Feature selection is one of the key steps in training the most optimal model in order to achieve higher computational efficiency while training the model, and also reduce the the generalization error of the model by removing irrelevant features or noise. Some of the important feature selection techniques includes L-norm regularization and greedy search algorithms such as sequential forward or backward feature selection, especially for algorithms which don’t support regularization. It is of utmost importance for data scientists to learn these techniques in order to build optimal models.
Sequential backward selection algorithm aims to reduce the dimensionality of the initial feature subspace from N to K-features with a minimum reduction in the model performance to improve upon computational efficiency and reduce generalization error. The primary idea is to sequentially remove features from the given features list consisting of N features to reach to the list of K-features.
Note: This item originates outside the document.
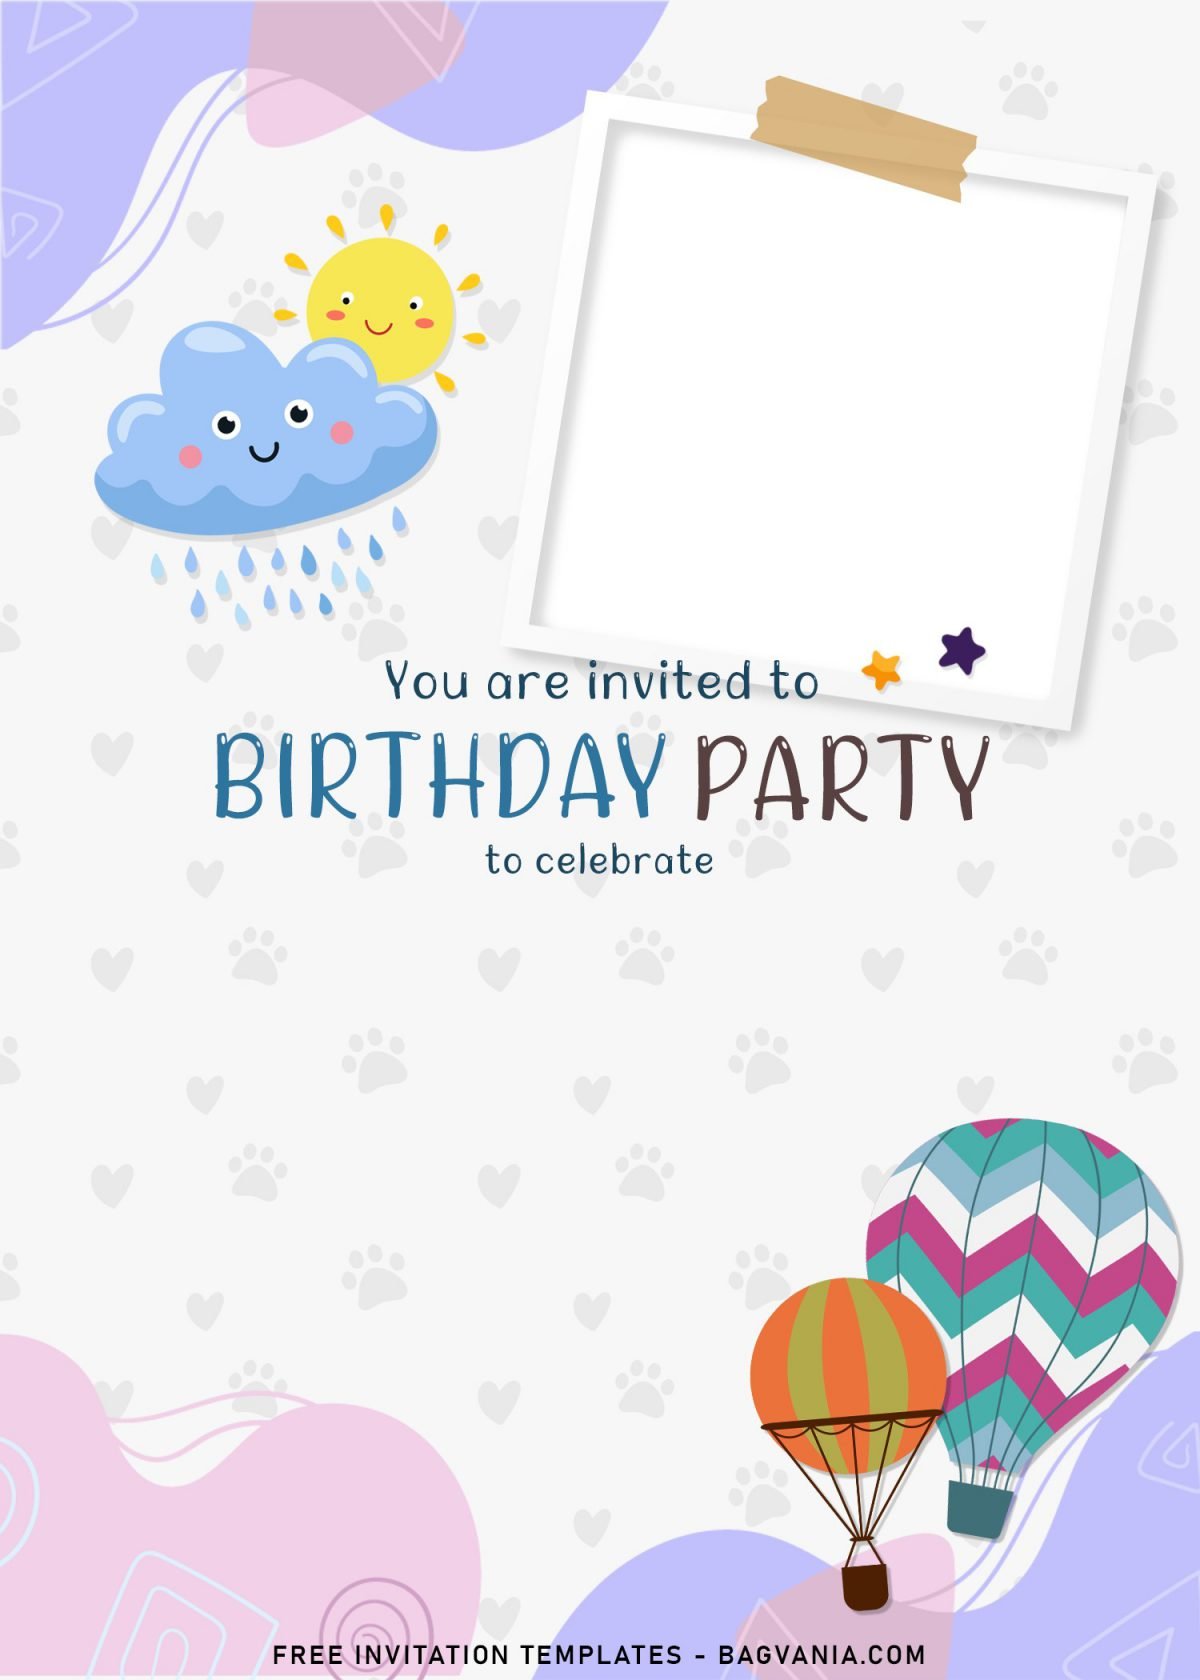 8+ Colorful Hand Drawn Birthday Invitation Templates For Your Kid's Birthday and has cute sun and cloud

At each stage of removal, the feature that causes the least performance loss gets removed. The search for features is based on combinatorial search algorithm where the subset of features get selected from combination and score is calculated for the subset and compared to other subsets. Note the usage of combinations class of itertools package in the code given below.
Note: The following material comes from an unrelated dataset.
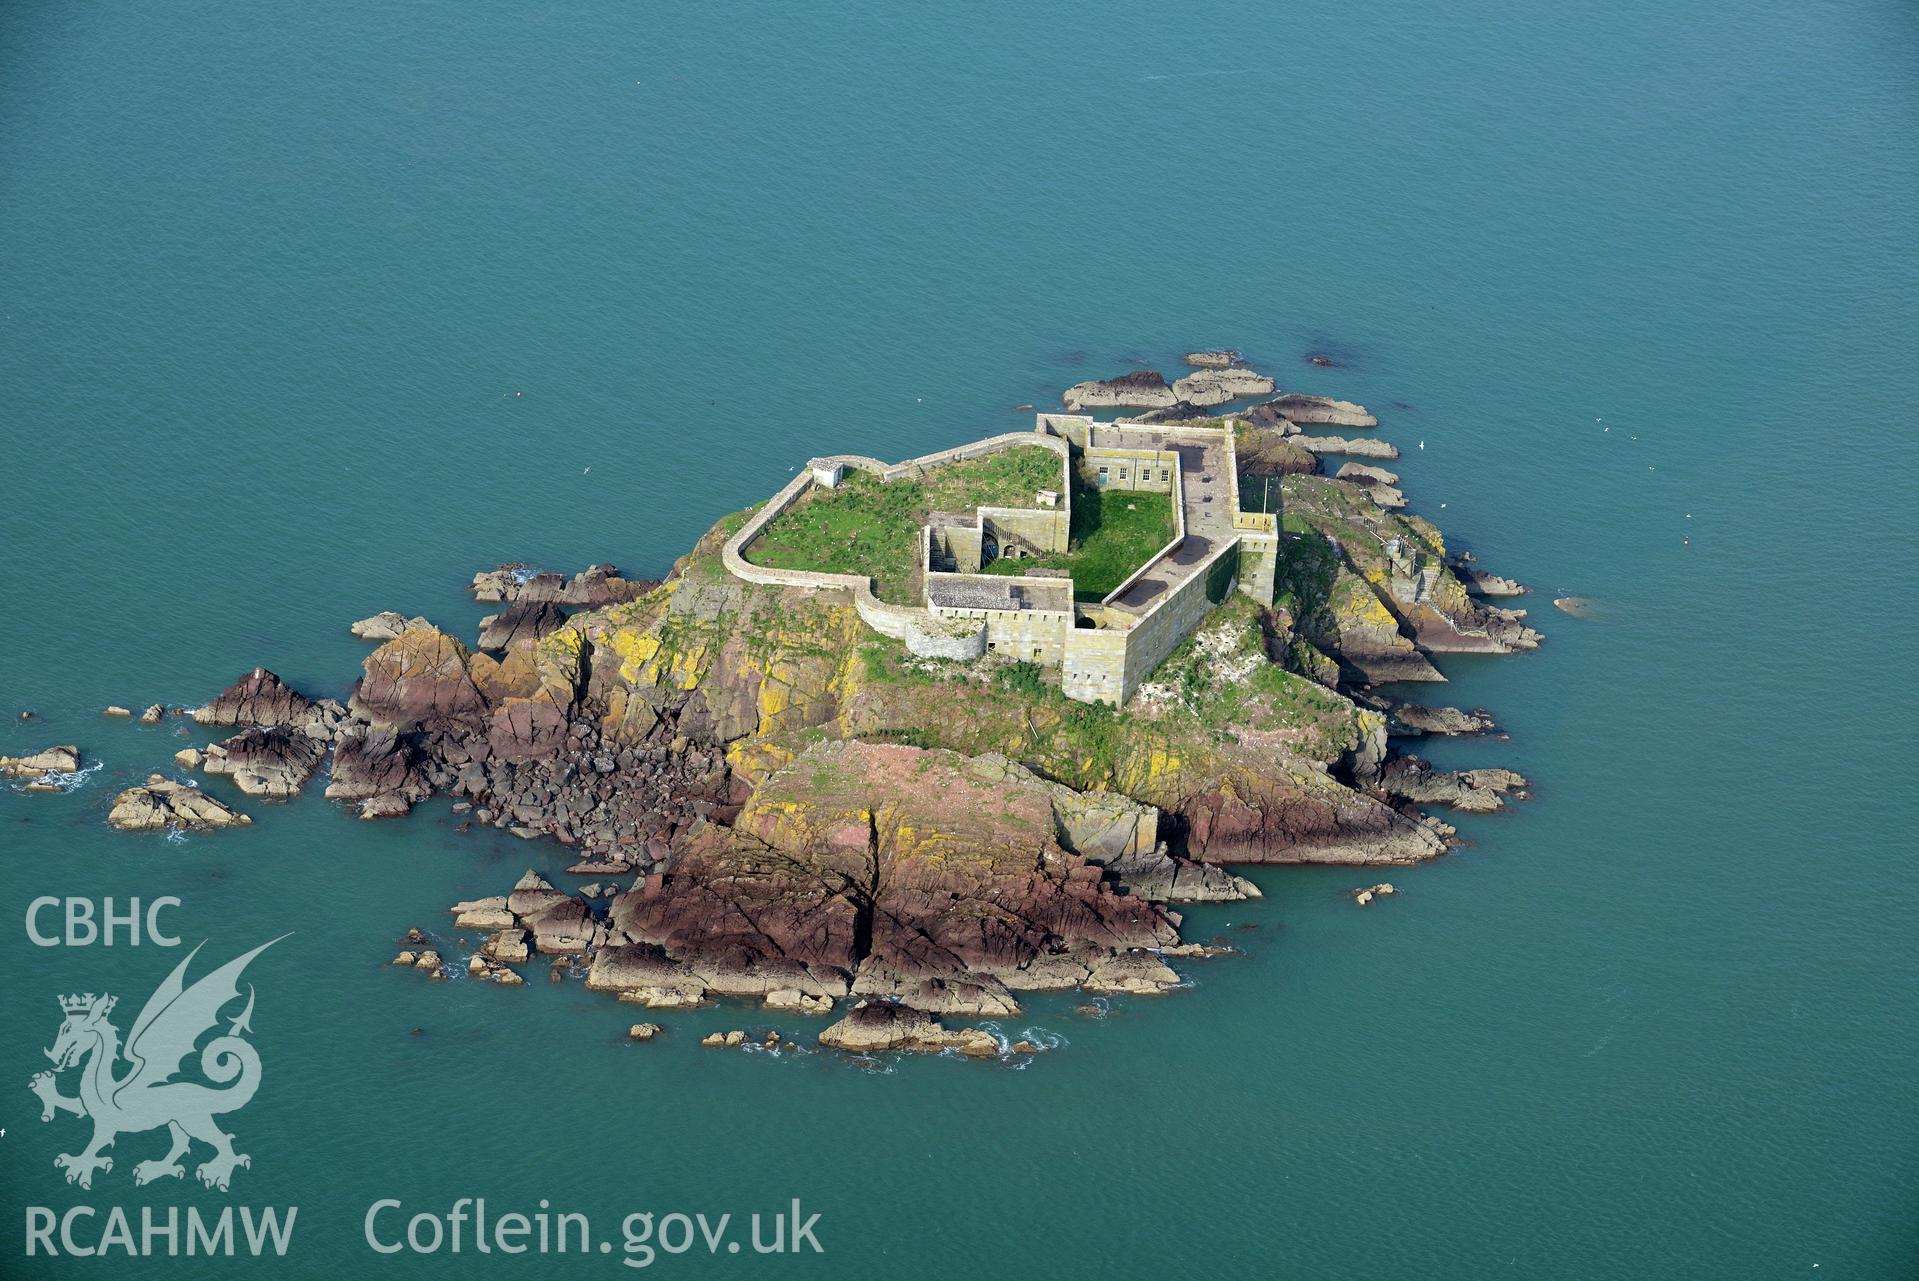 Aerial photography of Thorn Island taken on 27th March 2017. Baseline aerial reconnaissance survey for the CHERISH Project. ? Crown: CHERISH PROJECT 2017. Produced with EU funds through the Ireland Wales Co-operation Programme 2014-2020. All material made freely available through the Open Government Licence.

Here is the python code for sequential backward selection algorithm. The class takes the constructor as an instance of an estimator and subset of features to which the original feature space have to be reduced to. One can pass the training and test data set after feature scaling is done to determine the subset of features. The same is depicted in the python code given below.
The class provides a fit and transform method. Fit method determines the subset of features indices along with the accuracy scores. Pay attention to some of the following in the code:
- scores_ consists of best score with different number of dimensions
- subsets_ consists of feature indices representing features that led to best scores
from sklearn.metrics import accuracy_score
from itertools import combinations
from sklearn.base import clone
from numpy as np
class SequentialBackwardSearch():
'''
Instantiate with Estimator and given number of features
'''
def __init__(self, estimator, k_features):
self.estimator = clone(estimator)
self.k_features = k_features
'''
X_train - Training data Pandas dataframe
X_test - Test data Pandas dataframe
y_train - Training label Pandas dataframe
y_test - Test data Pandas dataframe
'''
def fit(self, X_train, X_test, y_train, y_test):
dim = X_train.shape[1]
self.indices_ = tuple(range(dim))
self.subsets_ = [self.indices_]
score = self._calc_score(X_train.values, X_test.values,
y_train.values, y_test.values, self.indices_)
self.scores_ = [score]
'''
Iterate through all the dimensions until k_features is reached
At the end of loop, dimension count is reduced by 1
'''
while dim > k_features:
scores = []
subsets = []
'''
Iterate through different combinations of features, train the model,
record the score
'''
for p in combinations(self.indices_, r=dim - 1):
score = self._calc_score(X_train.values, X_test.values, y_train.values, y_test.values, p)
scores.append(score)
subsets.append(p)
#
# Get the index of best score
#
best_score_index = np.argmax(scores)
#
# Record the best score
#
self.scores_.append(scores[best_score_index])
#
# Get the indices of features which gave best score
#
self.indices_ = subsets[best_score_index]
#
# Record the indices of features for best score
#
self.subsets_.append(self.indices_)
dim -= 1 # Dimension is reduced by 1
'''
Transform training, test data set to the data set
havng features which gave best score
'''
def transform(self, X):
return X.values[:, self.indices_]
'''
Train models with specific set of features
indices - indices of features
'''
def _calc_score(self, X_train, X_test, y_train, y_test, indices):
self.estimator.fit(X_train[:, indices], y_train.ravel())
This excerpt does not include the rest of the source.